Re: [PERFORM] query slows down with more accurate stats

2004-04-19 Thread Tom Lane
Manfred Koizar <[EMAIL PROTECTED]> writes:
> Random sampling is more like "every possible sample is equally likely to
> be collected", and two-stage sampling doesn't satisfy this condition.

Okay, I finally see the point here: in the limit as the number of pages
B goes to infinity, you'd expect the probability that each tuple in your
sample came from a different page to go to 1.  But this doesn't happen
in the two-stage sampling method: the probability doesn't increase
beyond the value it would have for B=n.  On the average each sample page
would supply one tuple, but the odds that this holds *exactly* would be
pretty low.

However the existing sampling method has glaring flaws of its own,
in particular having to do with the fact that a tuple whose slot is
preceded by N empty slots is N times more likely to be picked than one
that has no empty-slot predecessors.  The fact that the two-stage
method artificially constrains the sample to come from only n pages
seems like a minor problem by comparison; I'd happily accept it to get
rid of the empty-slot bias.

A possible compromise is to limit the number of pages sampled to
something a bit larger than n, perhaps 2n or 3n.  I don't have a feeling
for the shape of the different-pages probability function; would this
make a significant difference, or would it just waste cycles?

regards, tom lane

---(end of broadcast)---
TIP 3: if posting/reading through Usenet, please send an appropriate
  subscribe-nomail command to [EMAIL PROTECTED] so that your
  message can get through to the mailing list cleanly


Re: [PERFORM] query slows down with more accurate stats

2004-04-16 Thread Manfred Koizar
On Fri, 16 Apr 2004 10:34:49 -0400, Tom Lane <[EMAIL PROTECTED]> wrote:
>>  p = prod from{i = 0} to{n - 1} {{c(B - i)}  over {cB - i}}
>
>So?  You haven't proven that either sampling method fails to do the
>same.

On the contrary, I believe that above formula is more or less valid for
both methods.  The point is in what I said next:
| This probability grows with increasing B.
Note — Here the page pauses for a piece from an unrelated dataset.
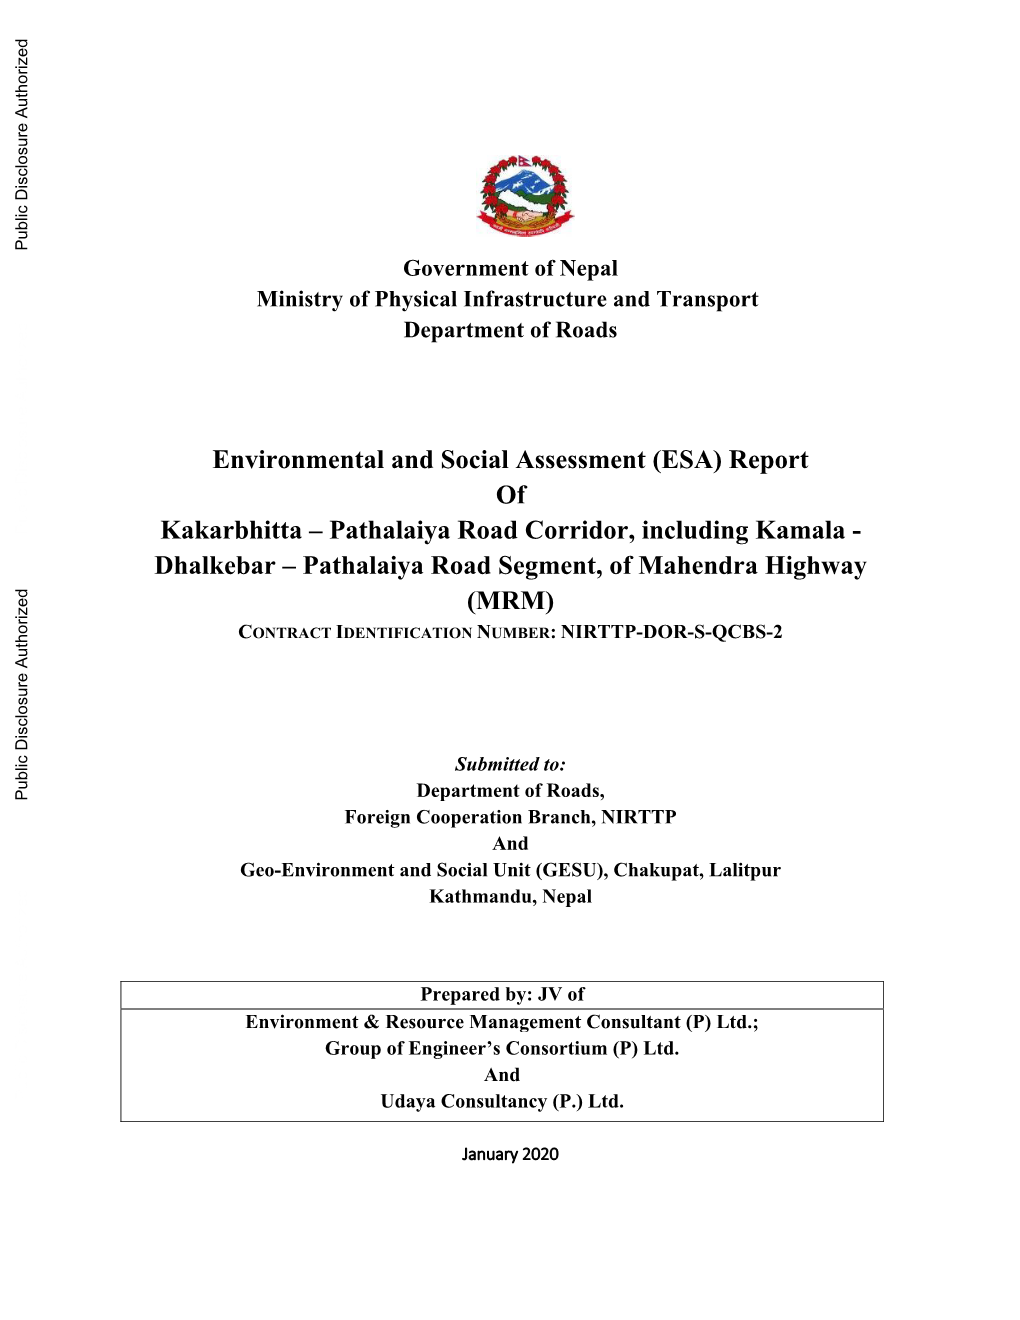 Environmental and Social Assessment (ESA) Report Of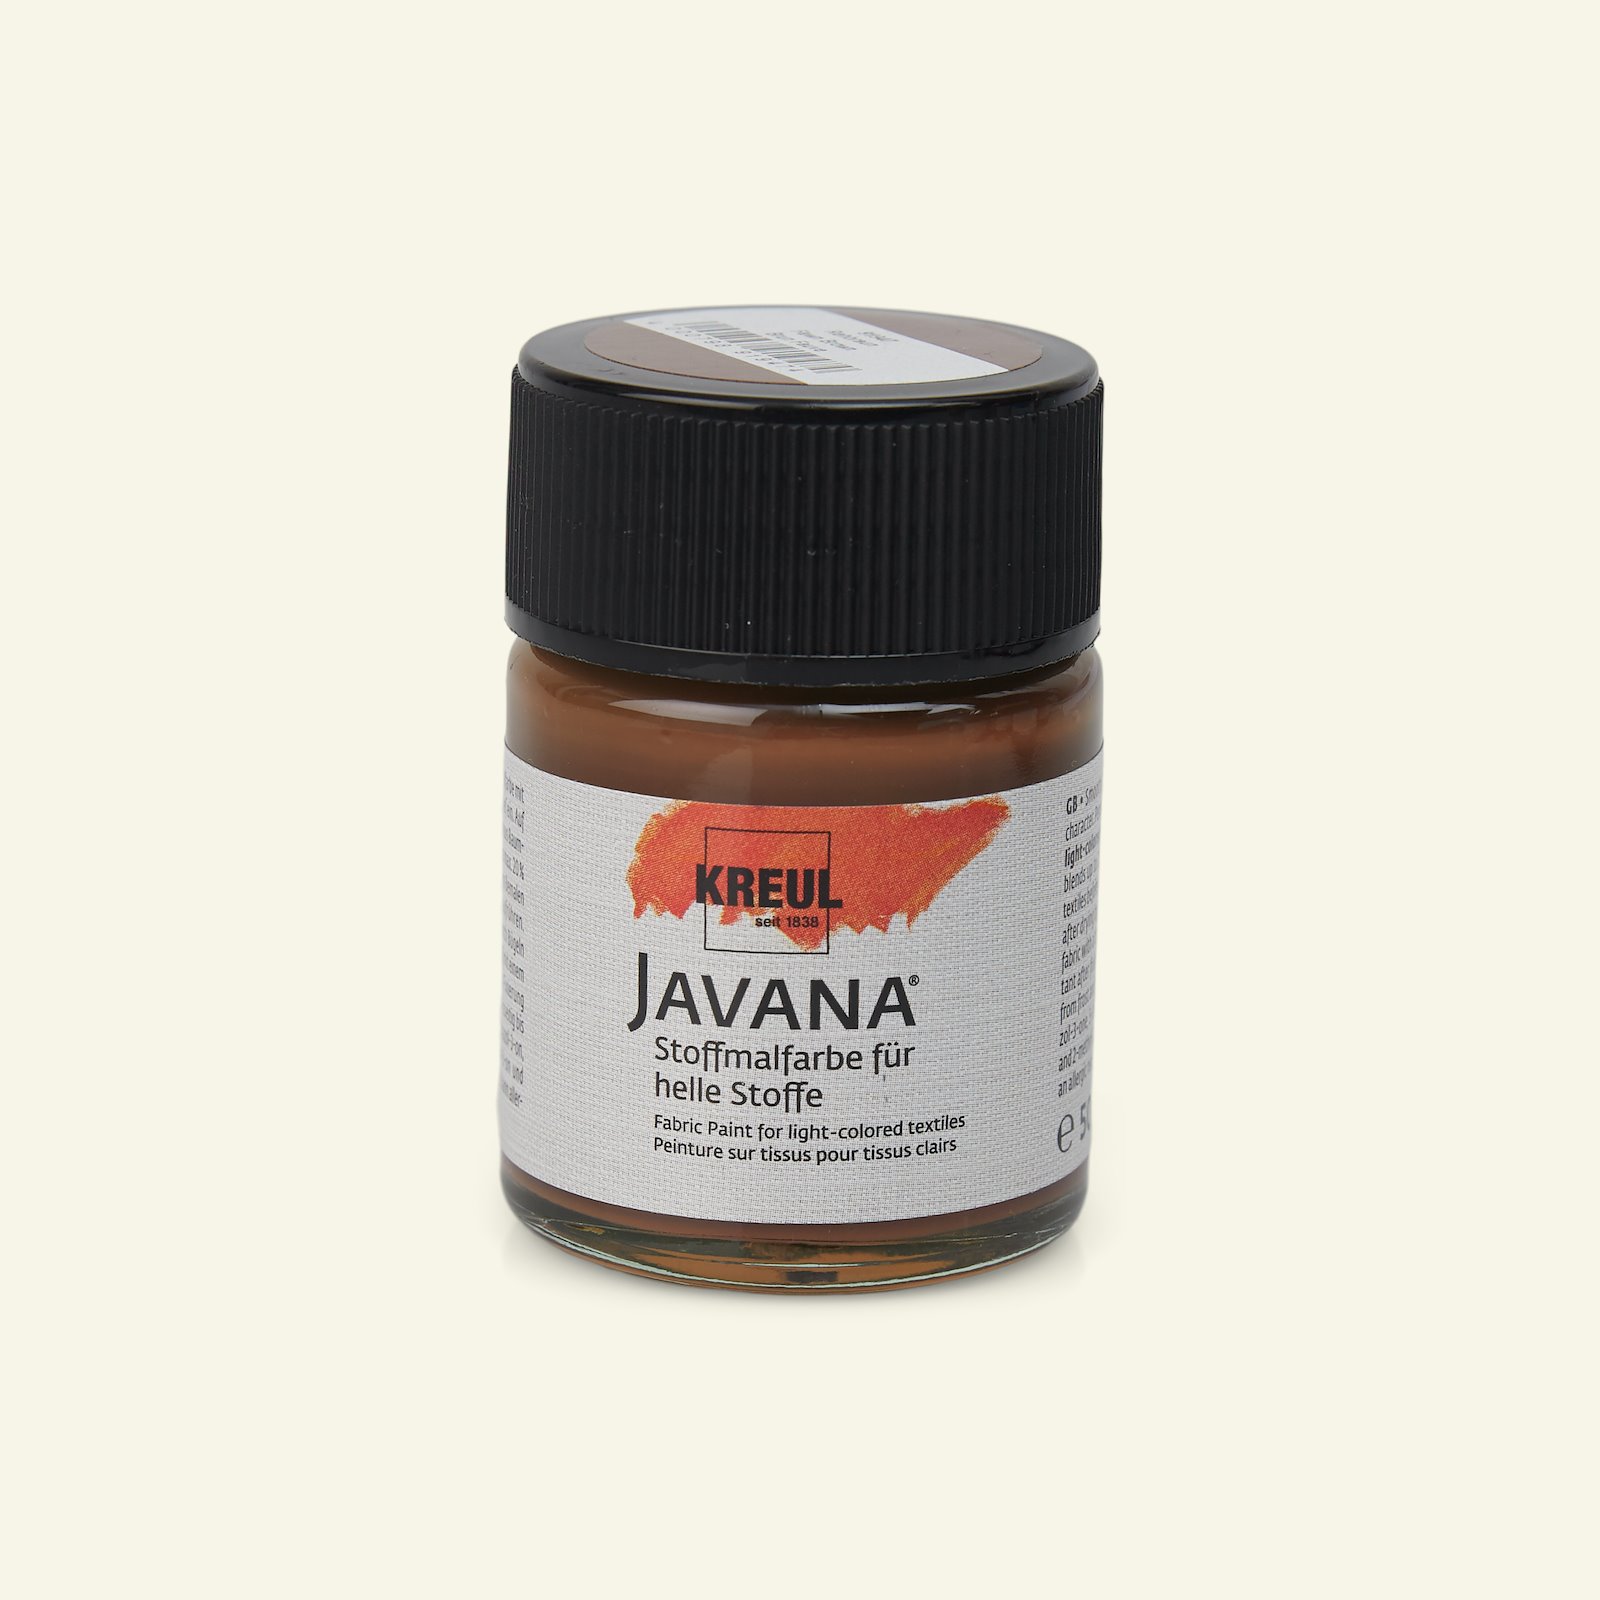 Javana tekstilfarge, brun, 50ml 29618_pack_b

For the one-stage sampling method B is the number of pages of the whole
table.  With two-stage sampling we have to use n instead of B and get a
smaller probability (for n < B, of course).  So this merely shows that
the two sampling methods are not equivalent.

>The desired property can also be phrased as "every tuple should be
>equally likely to be included in the final sample".

Only at first sight.  You really expect more from random sampling.
Otherwise I'd just put one random tuple and its n - 1 successors (modulo
N) into the sample.  This satisfies your condition but you wouldn't call
it a random sample.

Random sampling is more like "every possible sample is equally likely to
be collected", and two-stage sampling doesn't satisfy this condition.

But if in your opinion the difference is not significant, I'll stop
complaining against my own idea.  Is there anybody else who cares?

>You could argue that a tuple on a heavily populated page is
>statistically likely to see a higher T when it's part of the page sample
>pool than a tuple on a near-empty page is likely to see, and therefore
>there is some bias against selection of the former tuple.  But given a
>sample over a reasonably large number of pages, the contribution of any
>one page to T should be fairly small and so this effect ought to be
>small.

It is even better:  Storing a certain number of tuples on heavily
populated pages takes less pages than to store them on sparsely
populated pages (due to tuple size or to dead tuples).  So heavily
populated pages are less likely to be selected in stage one, and this
exactly offsets the effect of increasing T.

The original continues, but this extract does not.